## Your objective
The answer must consist solely of the lines below starting at the one containing "Prada CONCEPTUAL Eyeglasses" and ending at the one containing "Interracial partners using", repeated exactly, with both ends included and all pictures omitted.

## Given information
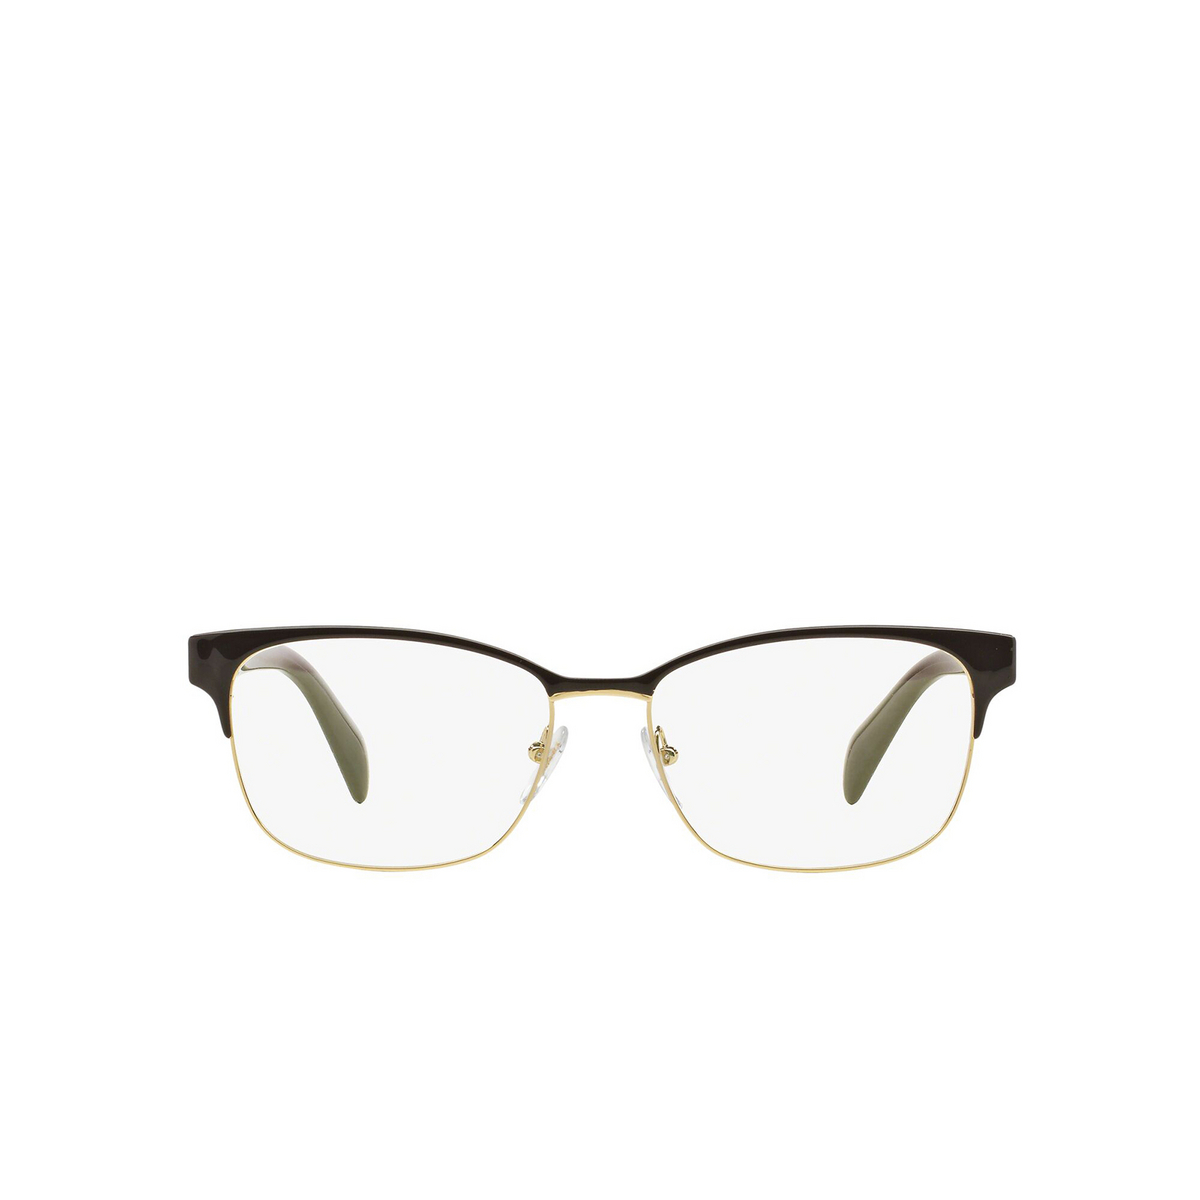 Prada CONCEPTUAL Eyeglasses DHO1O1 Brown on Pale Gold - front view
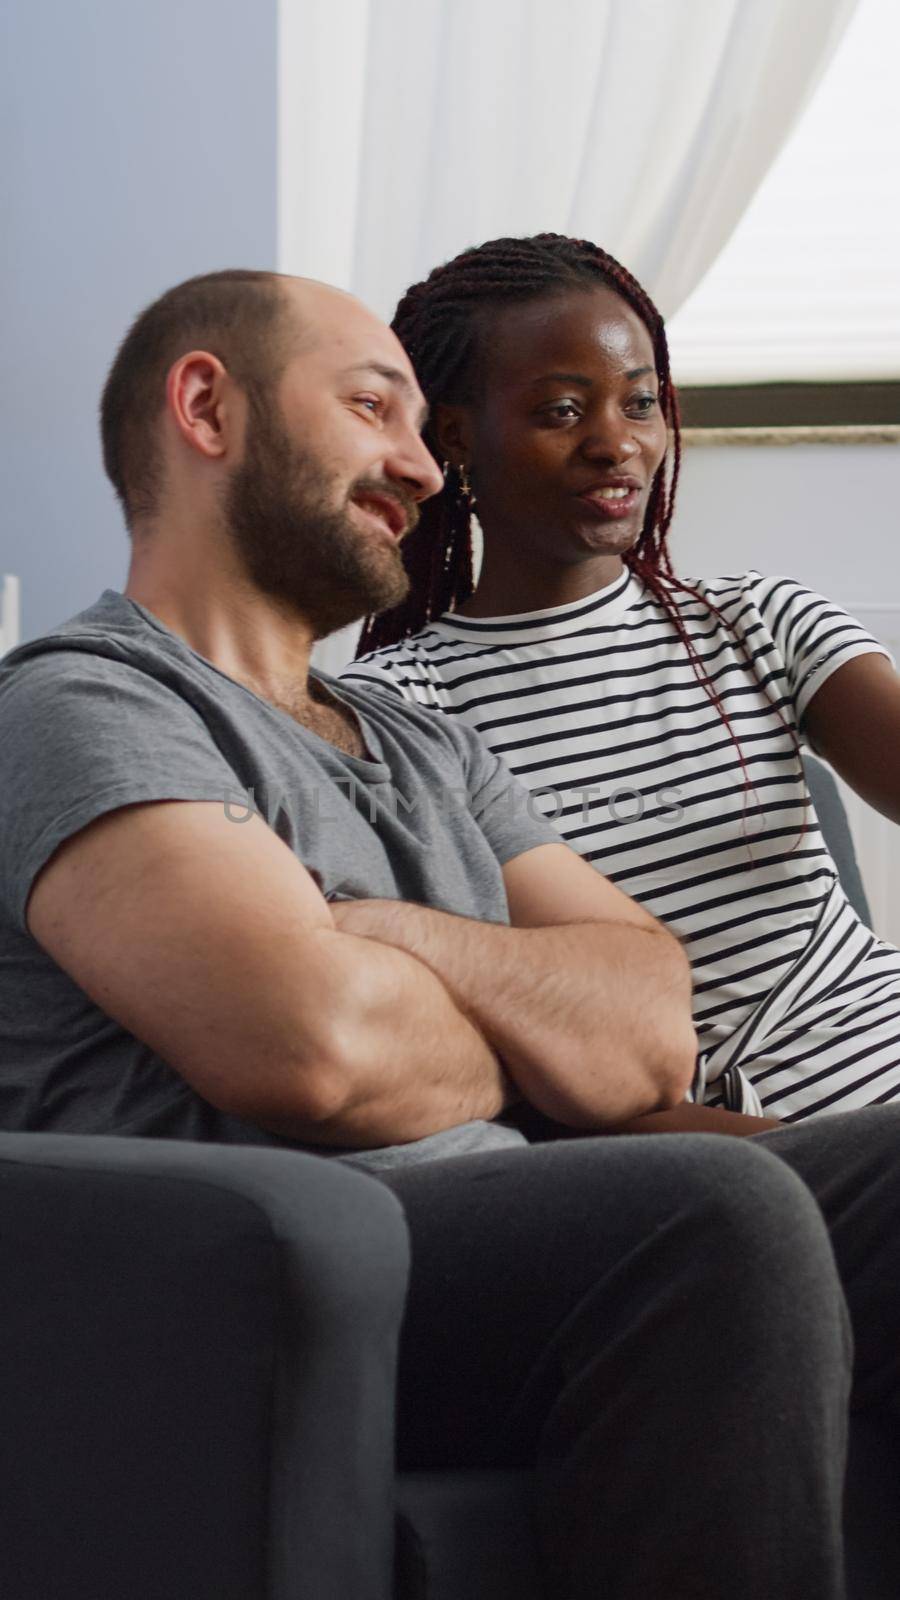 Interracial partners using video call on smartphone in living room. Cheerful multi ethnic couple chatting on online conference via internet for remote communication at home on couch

==

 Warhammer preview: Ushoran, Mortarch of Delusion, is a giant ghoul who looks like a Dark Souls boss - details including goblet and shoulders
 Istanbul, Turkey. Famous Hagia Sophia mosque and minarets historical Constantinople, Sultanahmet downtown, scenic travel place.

## Problem solution
 Prada CONCEPTUAL Eyeglasses DHO1O1 Brown on Pale Gold - front view
 Interracial partners using video call on smartphone in living room. Cheerful multi ethnic couple chatting on online conference via internet for remote communication at home on couch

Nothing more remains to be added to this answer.